→ DIRECTIONS FOR THIS TASK: What are the lines, word for word, from the line with "milan salon 3" up to and including the line with "modena lightweight stripes" in the records below? Omit the pictures.

→ THE DATA:
╭──

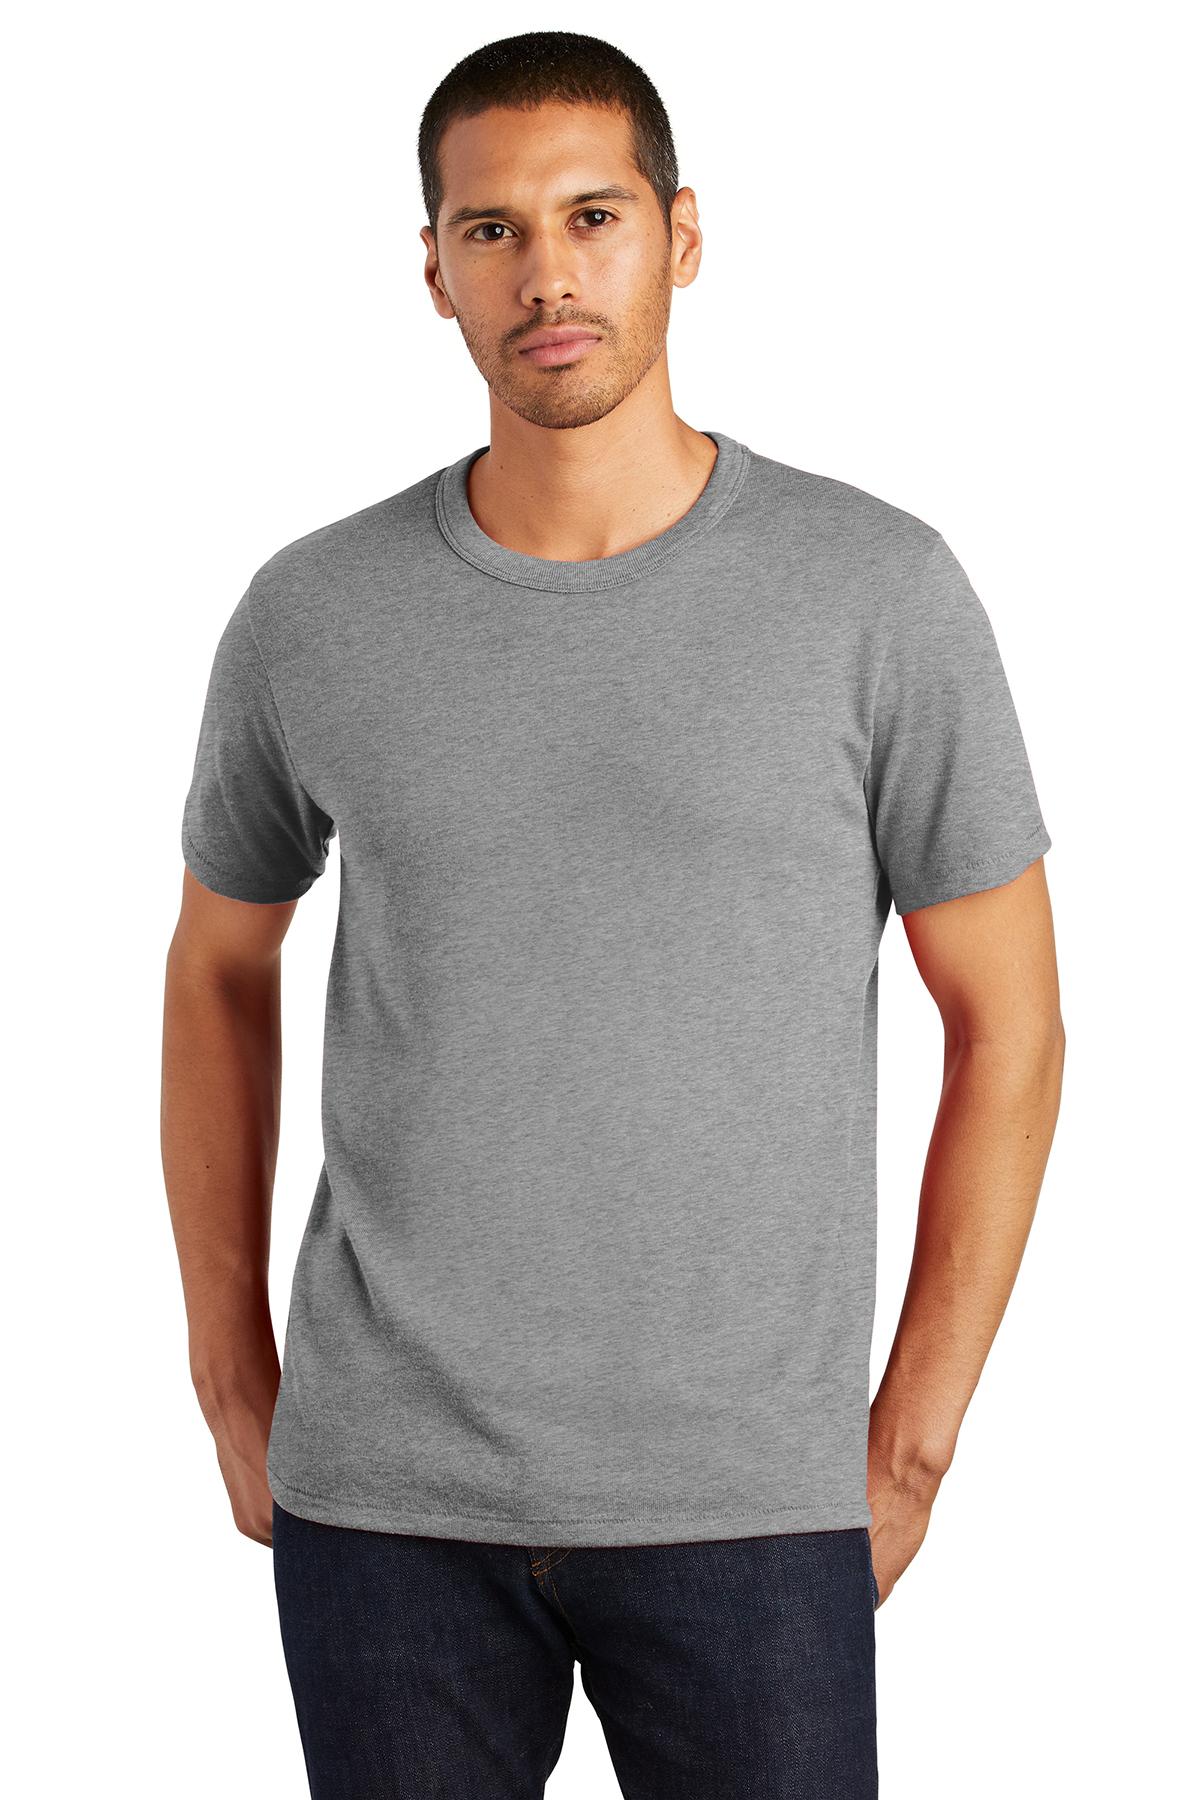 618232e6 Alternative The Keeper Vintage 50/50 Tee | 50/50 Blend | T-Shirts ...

╰──
╭──

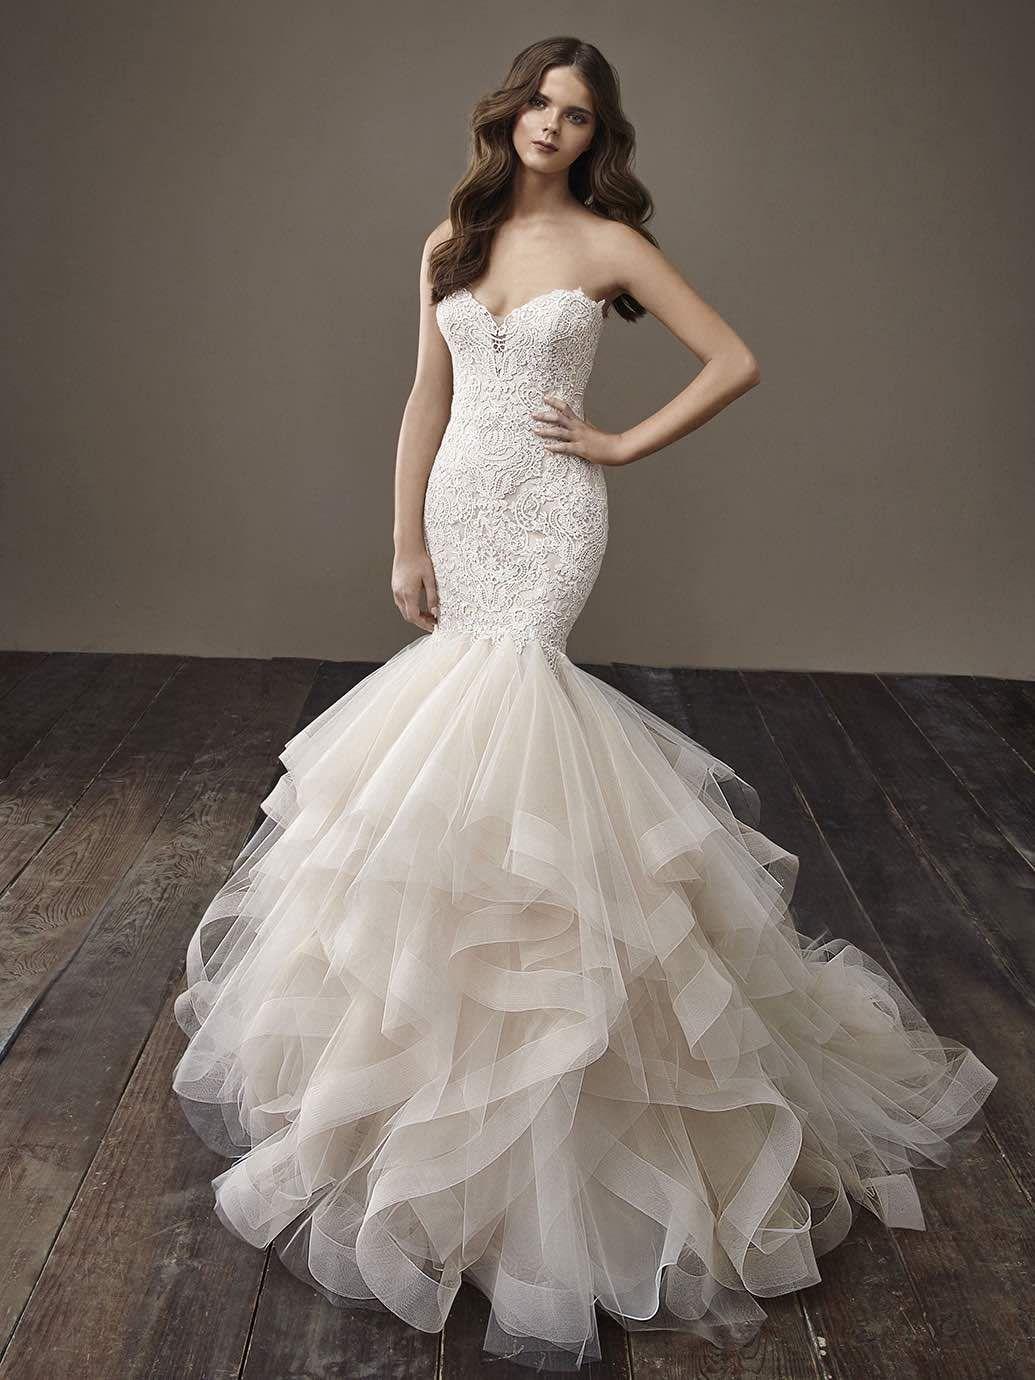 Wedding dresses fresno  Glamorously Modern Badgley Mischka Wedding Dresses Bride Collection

╰──
╭──

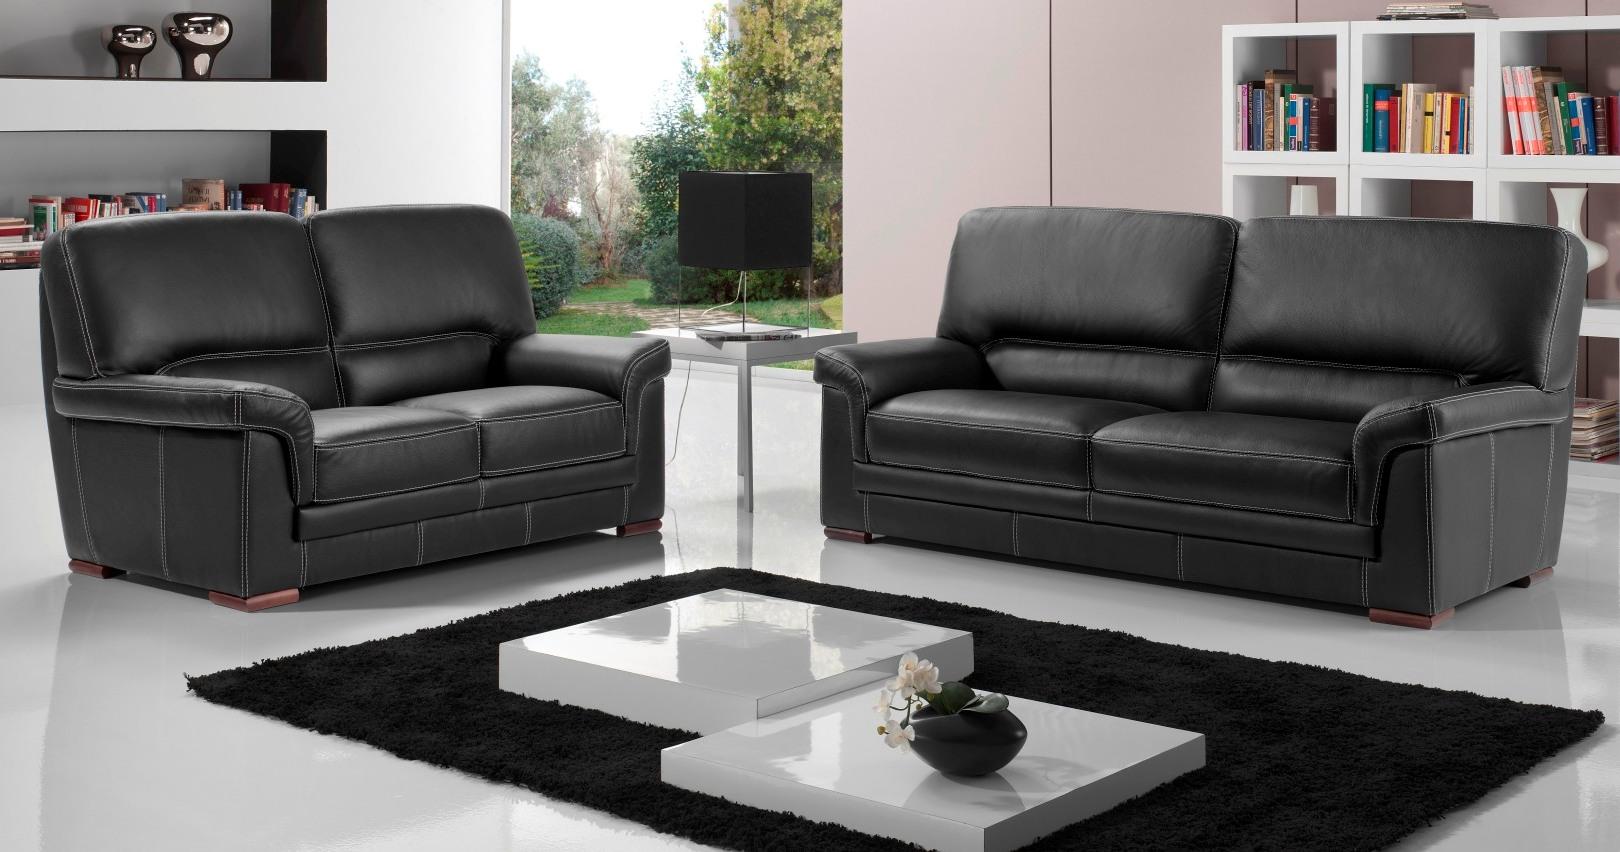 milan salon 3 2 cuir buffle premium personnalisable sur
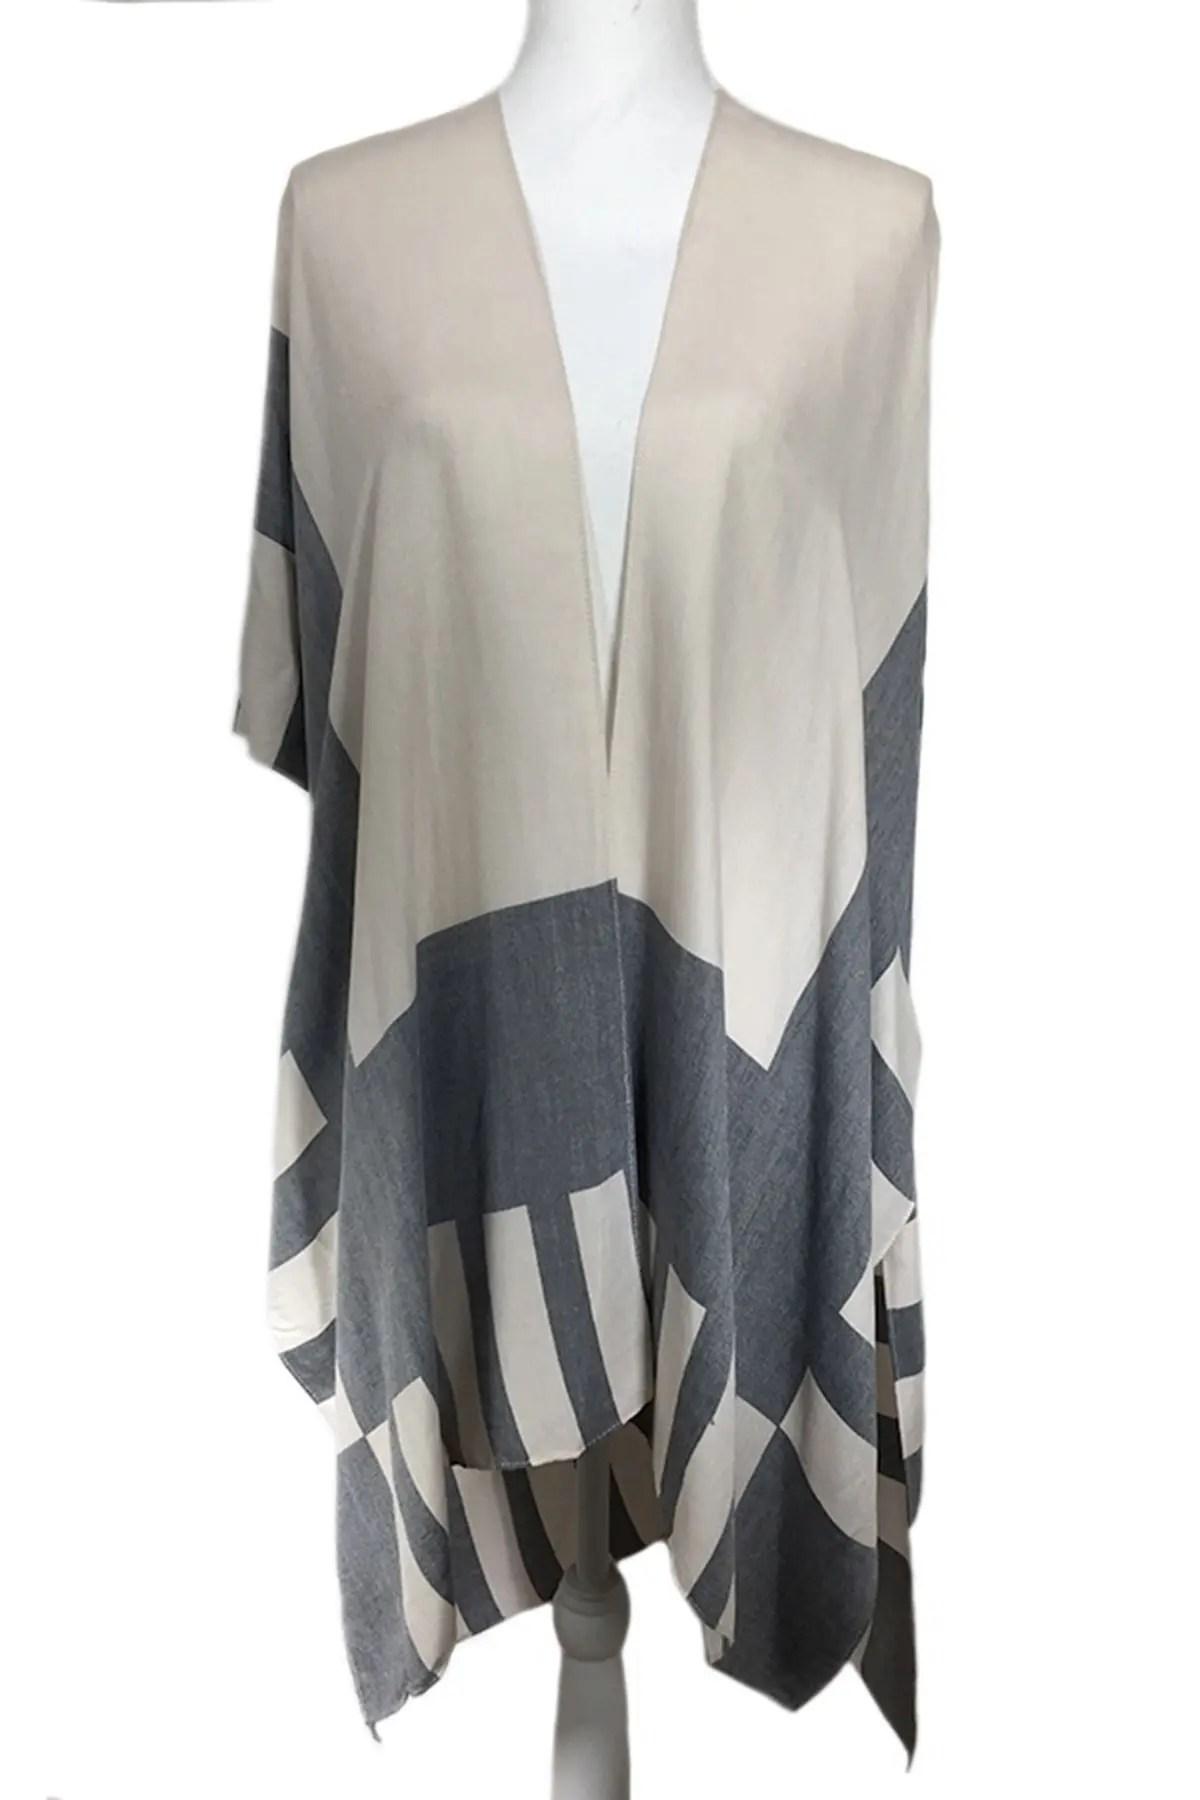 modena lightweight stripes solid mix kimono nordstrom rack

╰──

→ ANSWER FOR THIS EXERCISE:
 milan salon 3 2 cuir buffle premium personnalisable sur
 modena lightweight stripes solid mix kimono nordstrom rack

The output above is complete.